Oui, j’ai simplifié. Parce qu’au milieu, Apple a menacé de fermer le compte « développeur » d’Epic, coupant de fait le studio de certains des outils de développement iOS et Mac, ce qui aurait pu – selon certains – impacter toute la chaîne de production autour de l’Unreal Engine. Un juge saisi par Epic a alors statué en urgence pour suspendre cette décision d’Apple, sans donner raison pour autant à Epic sur le fond.
Et au moment où j’écris, le studio vient de réitérer sa demande au tribunal de forcer Apple à réactiver l’app Fortnite, en donnant des chiffres catastrophiques sur la chute du nombre de joueurs. Faute de mises à jour de l’app, les joueurs ne peuvent plus se joindre aux parties des autres plateformes. Epic affirme avoir observé une baisse de plus de 60 % du nombre de joueurs quotidiens sur iOS et révèle à l’occasion que les iPhone et iPad représentent 116 millions de comptes, soit un tiers des utilisateurs enregistrés (une info à prendre avec précaution puisqu’on peut penser que le nombre de joueurs « actifs » est inférieur). Epic demande donc au juge d’intervenir avant que des « dommages irréparables » soient causés au jeu. Ce à quoi Apple répond depuis le début qu’il suffit de respecter ses règles pour que l’app revienne.
Et côté Google ? Pas grand-chose. La firme de Mountain View fait de gros efforts pour éviter que son cas ne soit amalgamé à celui d’Apple, rappelant au passage que d’autres stores que celui de Google sont accessibles sur Android. Il faut dire qu’aux États-Unis, contrairement à l’Europe, Android est très minoritaire chez les jeunes : Apple capte les trois-quarts du marché des jeunes possesseurs de smartphones.
La guerre des trente. Tim Sweeney, patron d’Epic, n’a pas piqué soudain un coup de sang inattendu au cœur de l’été. Il faut lui reconnaître une chose : son combat contre la commission de 30 % date d’il y a quelques années. On connaît bien sûr son offensive contre le tarif de Steam, qu’il tente de pulvériser en proposant 12 % sur l’Epic Games Store. Mais dès 2017, à l’occasion d’une présentation lors de la Devcom de Cologne, il s’était élevé contre la commission imposée par Apple et Google sur le marché des jeux mobiles, qu’il accusait de parasitisme.

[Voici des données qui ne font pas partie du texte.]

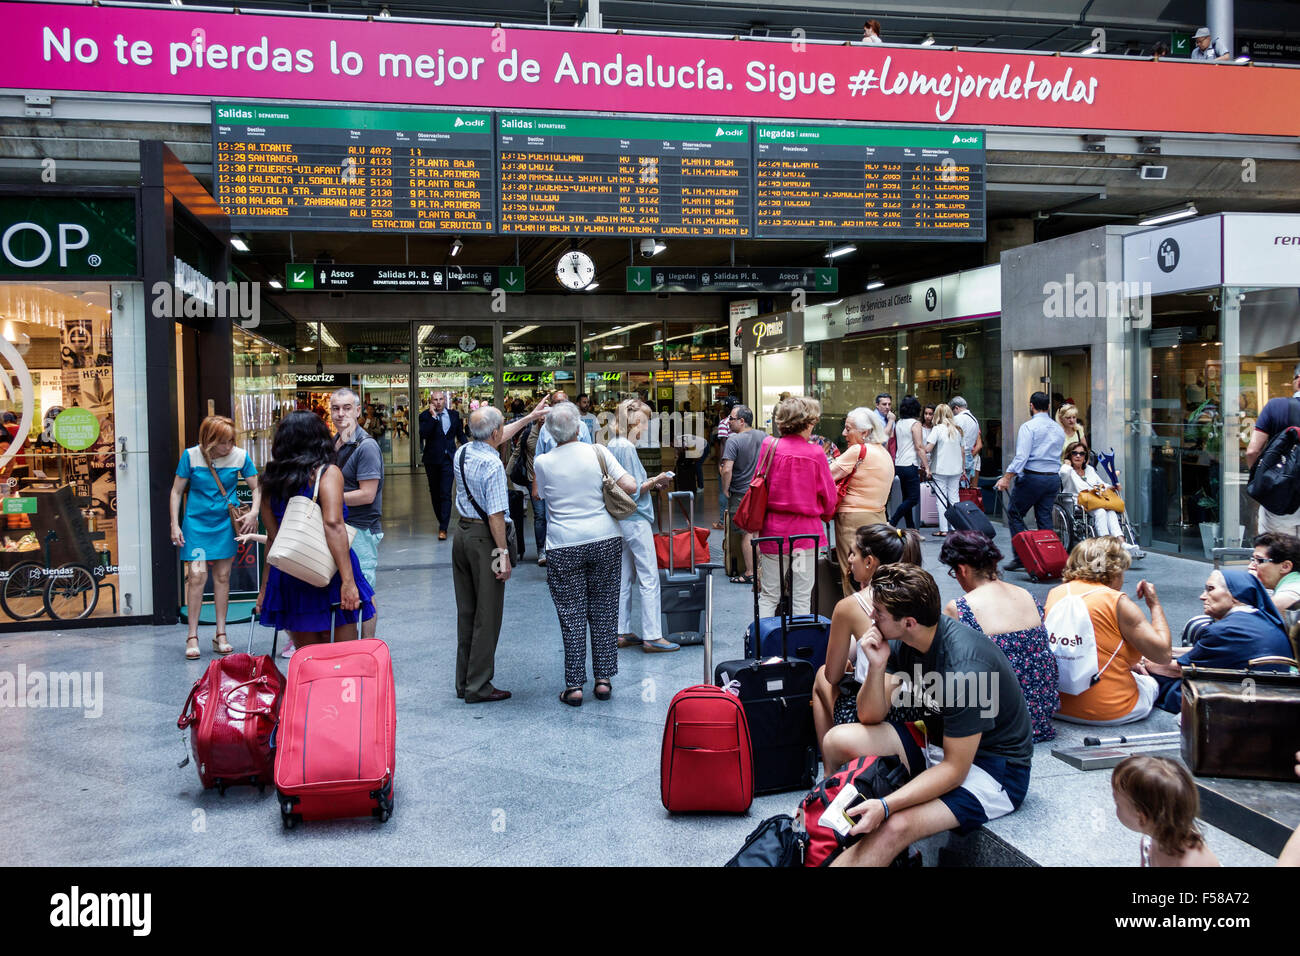 Madrid Spanien, Europa, Spanisch, lateinamerikanisch-lateinamerikanische Minderheit von Einwanderern, Arganzuela, Estacion de Madrid Atocha, Madrid Puerta de Atocha, ra Stockfoto

L’argument principal de Tim Sweeney consiste à observer que la gestion des transactions (processus de paiement, etc.) ponctionne moins de 5 %, et que tout le reste (service client, infrastructure, etc.) profite de telles économies d’échelle qu’il ne représenterait que quelques pourcents supplémentaires. D’où les seulement 12 % imposés sur l’EGS. Historiquement, le principe d’une commission de 30 % vient des fabricants de consoles de jeux (Nintendo serait le premier à l’avoir mis en place pour les jeux tiers sur la NES, en incluant le coût de fabrication des cartouches) et il est toujours appliqué tel quel sur la Xbox ou la PlayStation.
Pourtant, la vindicte d’Epic semble épargner les fabricants de consoles. Tim Sweeney a déclaré à plusieurs reprises que la situation était selon lui plus compréhensible sur console, parce que le hardware des consoles (souvent vendu à perte) représentait un énorme investissement, essentiellement financé par le software. Mais en réalité, on ne voit pas de différence flagrante de nature entre les 30 % de Sony sur les jeux Playstation et les 30 % d’Apple sur les jeux iPhone. Pourquoi une telle mansuétude de notre preux chevalier antitrust ? Une étude de 2019 (Newzoo) citée par arstechnica.com donne peut-être un indice : selon elle, les deux tiers des revenus des jeux de type « battle royale » viennent des consoles.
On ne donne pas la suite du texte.